Taking classes with many teachers is no guarantee that one gets tango.  Some Argentine teachers don’t get tango, so how can they inspire others with the music, lyrics, and orquestas.  They teach choreography and call it tango.

I was enjoying the music from my table when a foreigner made an overt, almost horizontal pose to get my attention for the tanda.  My standard advice to foreign visitors is: refuse to dance with men who approach your table; the worst dancers prey upon newcomers.  I don’t usually accept an , but I did this time and didn’t expect much.

Things didn’t get off to a good start.  My hair was in his face and he brushed it away with his hand, commanding that I do something to relieve his discomfort.  I did, but that would have been the perfect excuse to avoid the tanda with him.   My cheek rested on his sweaty face and my arm on his wet shirt from perspiration.  I couldn’t have been more uncomfortable.

I knew after the first few steps on the floor that I was with a man who danced for himself, not for his partner.  He danced memorized sequences and didn’t hear the music.  There is nothing I hate more than a dancer with no connection to the music.  Another is expecting a partner to automatically follow when there is no lead.  He had no awareness of me, only his own dancing.

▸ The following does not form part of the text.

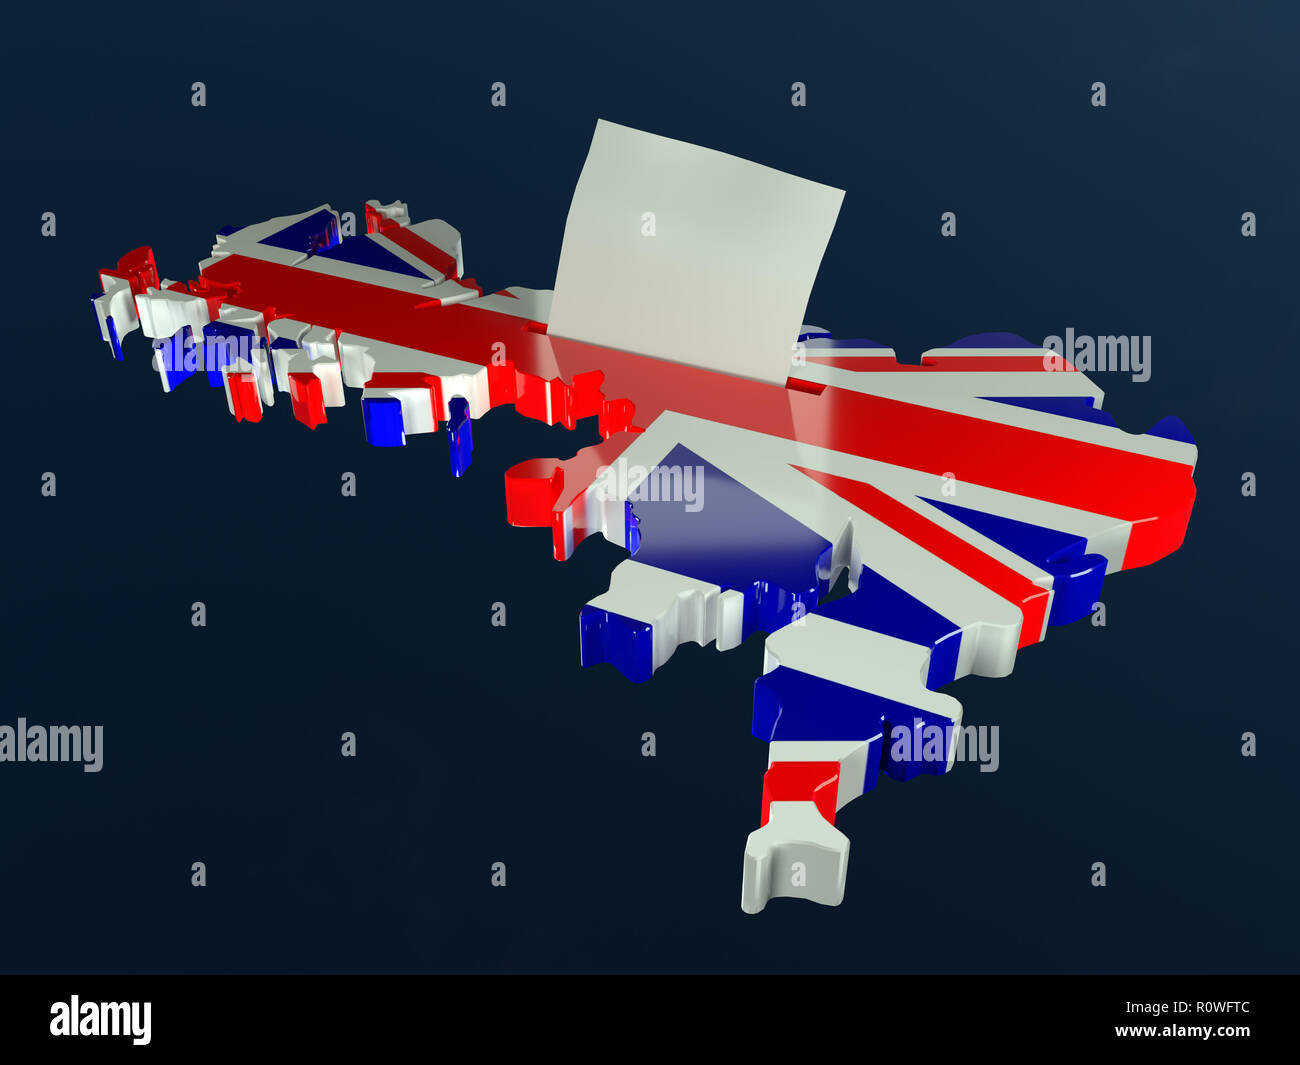 3D-Render von Urnen in Form von Großbritannien Umriss mit Nationalflagge und Stimmkarte Hälfte überlagert - eingefügt in die Wahlurne Steckplatz Stockfoto
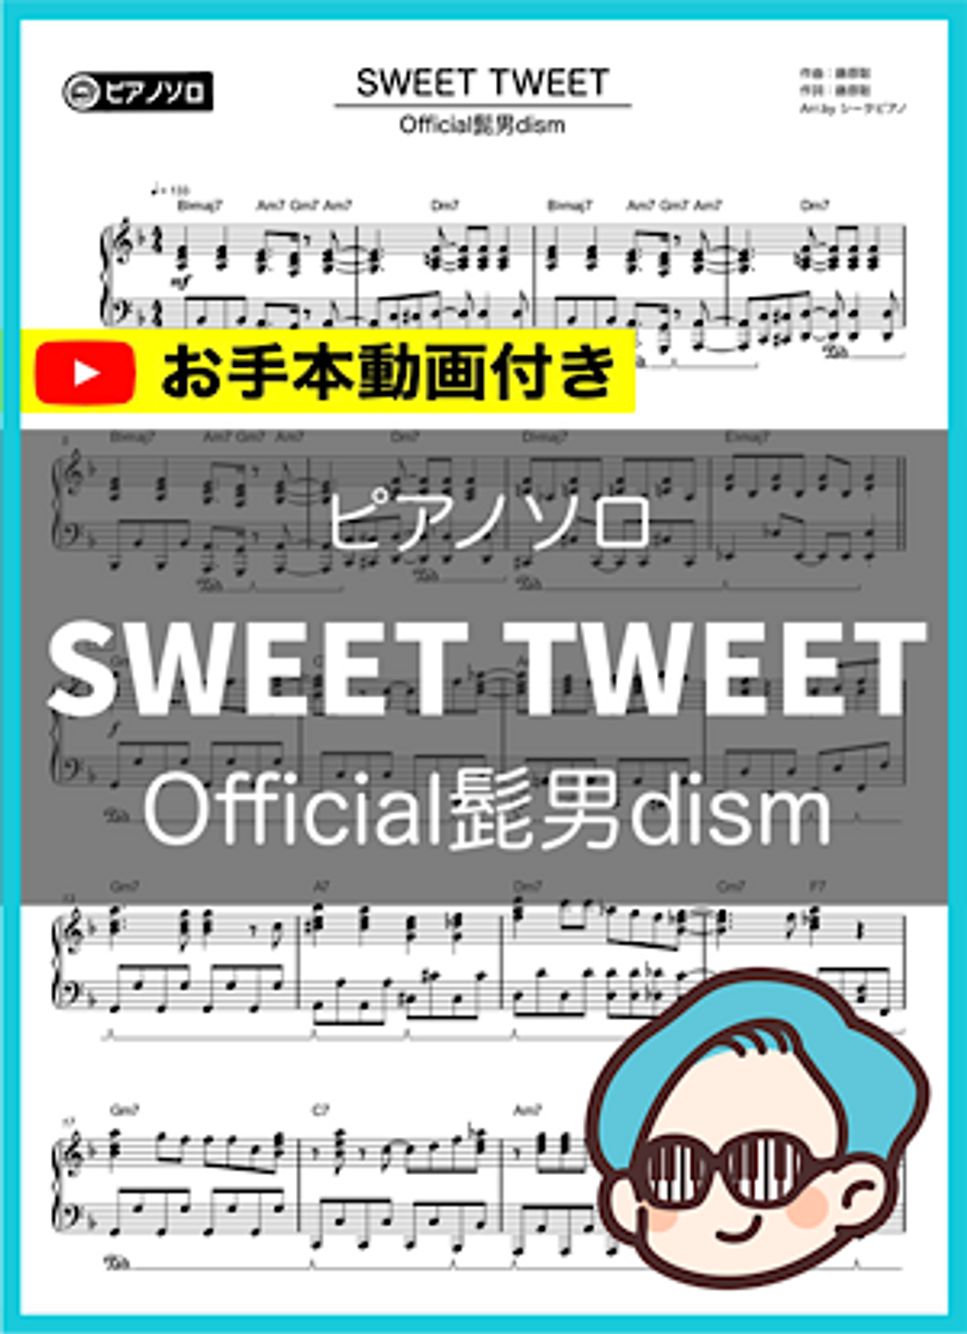 Official髭男dism - SWEET TWEET 楽譜 by シータピアノ

After the first dance, I asked him where he is from.  He told me, and then added he’s been living in Buenos Aires for six years.  That proves that people don’t get tango even while living here.

After the second dance, I asked him if he heard about the cabeceo for inviting someone to dance.  He said he couldn’t see very far.  I suggested wearing glasses,  but he said they don’t help him.  Later I saw him wearing glasses.  All the women were 20 feet away across the floor. If he didn’t use the cabeceo, he wasn’t going to dance.

This tangoman has a lot to learn.


6 Responses to “Tangoman”

  1. tangogeoff Says:


  2. Felicity Says:

    Oh my goodness. Did you last the tanda?!

  3. jantango Says:

    Yes, I did, and I survived. My time to make a quick get-away was the moment he complained about my hair. We were at the edge of the floor. I could have turned and walked away.

  4. Felicity Says:

    🙂 I had had a feeling it might have gone through your head at that point! I get quite a lot of stick from dancing so little. At least some people remark on it. It surprises me. Especially as I don’t think I make a habit – at least not a regular one! – of saying to women: God, why you do you accept so many?

  5. Lina Says:

    It is sad when years of dancing make no difference in the quality of your dance. And to dance tango yet not understand the background, culture and codigos. And not listen to the music. I would rather dance with a man who does very little, but does it to the music with me.. I have danced with many such men over the years. I call them showboats. They get one tanda.

  6. Felicity Says:

    ” I would rather dance with a man who does very little, but does it to the music with me”. Agreed. Or rather, a man who it might appear does very little.

    And all the women I like dancing with say similar things.

    I have to discovered I have say to guys I don’t know that I have a knee problem and can’t pivot well. So then mostly they ‘just’ walk. But I’ve had so many nice dances this way, including with men who haven’t the experience to know that less is more, that even if it weren’t true I think I would want to say it anyway.